Electronic spectra of oxocomplexes of Re(V) with thiolato ligands

The electronic spectra of monooxo complexes of rhenium(V) with 1,2-benzenedithiolato (bdt2−), 3,4-toluenenedithiolato (tdt2−), maleonitriledithiolato (mnt2−), and 1,2-dithiooxalato (dto2−) ligands were investigated at the TD-DFT level employing several functionals and basis sets. The most important transitions are due to ligand-to-metal charge transfer (LMCT) with some minor contribution of ligand-to-metal-ligand charge transfer (LMLCT). However, for [ReO(dto)2]− this statement does not hold because the transitions are due to metal-ligand-to-metal-ligand charge transfer (MLMLCT). This observation arises from the presence of the oxalate groups.
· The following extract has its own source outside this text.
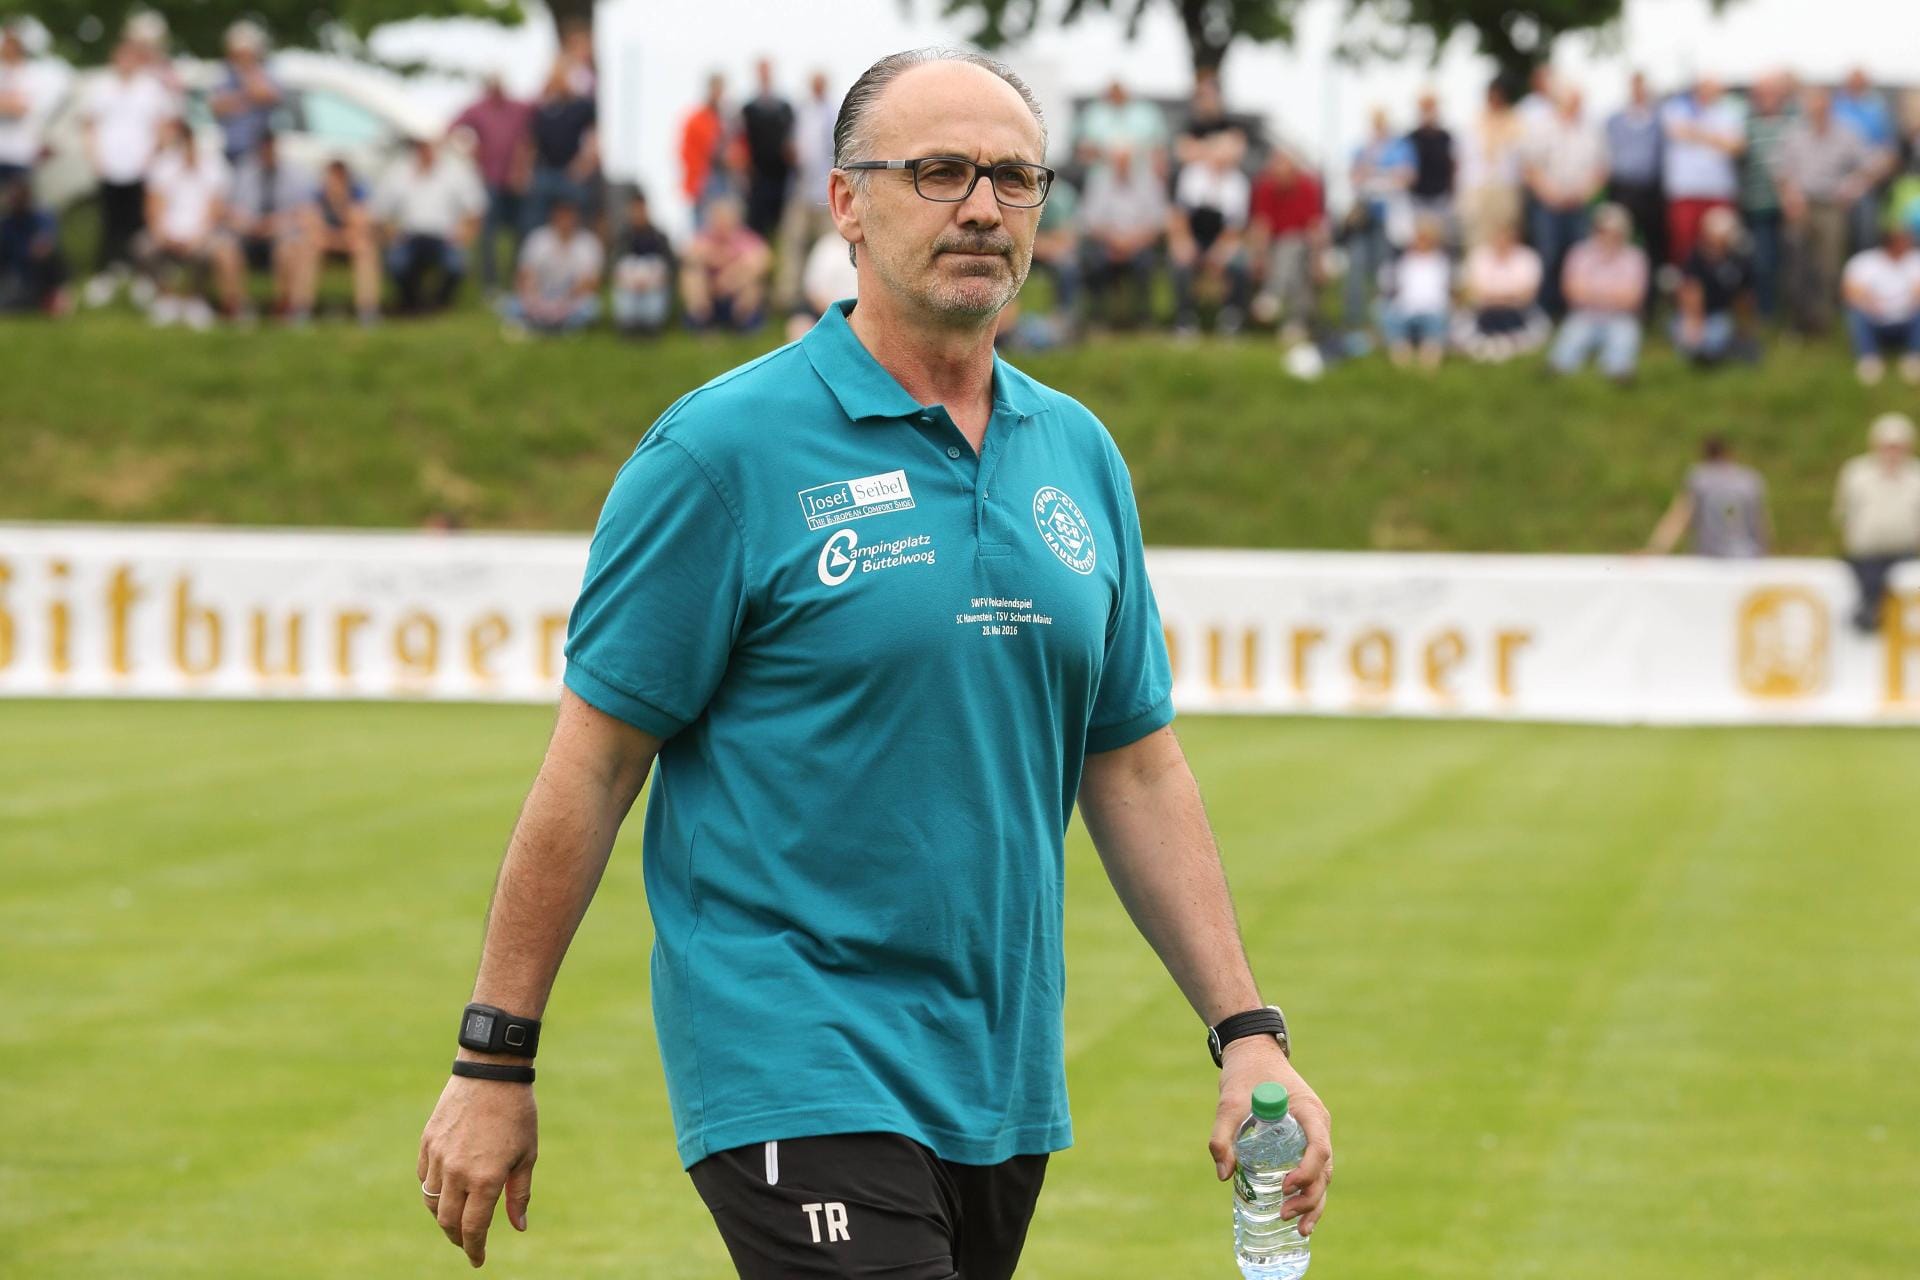 Jürgen Kohler war von 2001 bis 2003 Trainer der U21-Nationalmannschaft. Es folgten mehrere Jobs als Trainer und Sportdirektor bei verschiedenen Vereinen. Ab der Saison 2016/2017 wird er Trainer von VfL Alfter. Der Klub spielt in der Verbandsliga Mittelrhein.

These substituents increase the flexibility of this complex with respect to the complexes containing bdt2−, mnt2− and tdt2−. In these complexes, the C–C backbone imposes a rigid geometry, which leads to the occupied rhenium-orbitals lying energetically below the sulfur-based orbitals. For the complexes [ReO(bdt)2]−, [ReO(mnt)2]− and [ReO(tdt)2]−, the HOMO is a sulfur-based out-of-plane molecular orbital. However, the HOMO of [ReO(dto)2]− shows a high contribution of the rhenium dx2−y2 and in-plane sulfur-centered orbitals. The comparison of the results obtained with several functionals clearly point to the PBE1PBE/LANL2DZ method as the best TD-DFT method to investigate the electronic spectra of monooxo complexes of Re(V) with thiolato ligands. The results obtained with larger basis sets suggest that the agreement between experiment and theory was due to an error cancellation between basis set incompleteness and deficiencies in the DFT methods.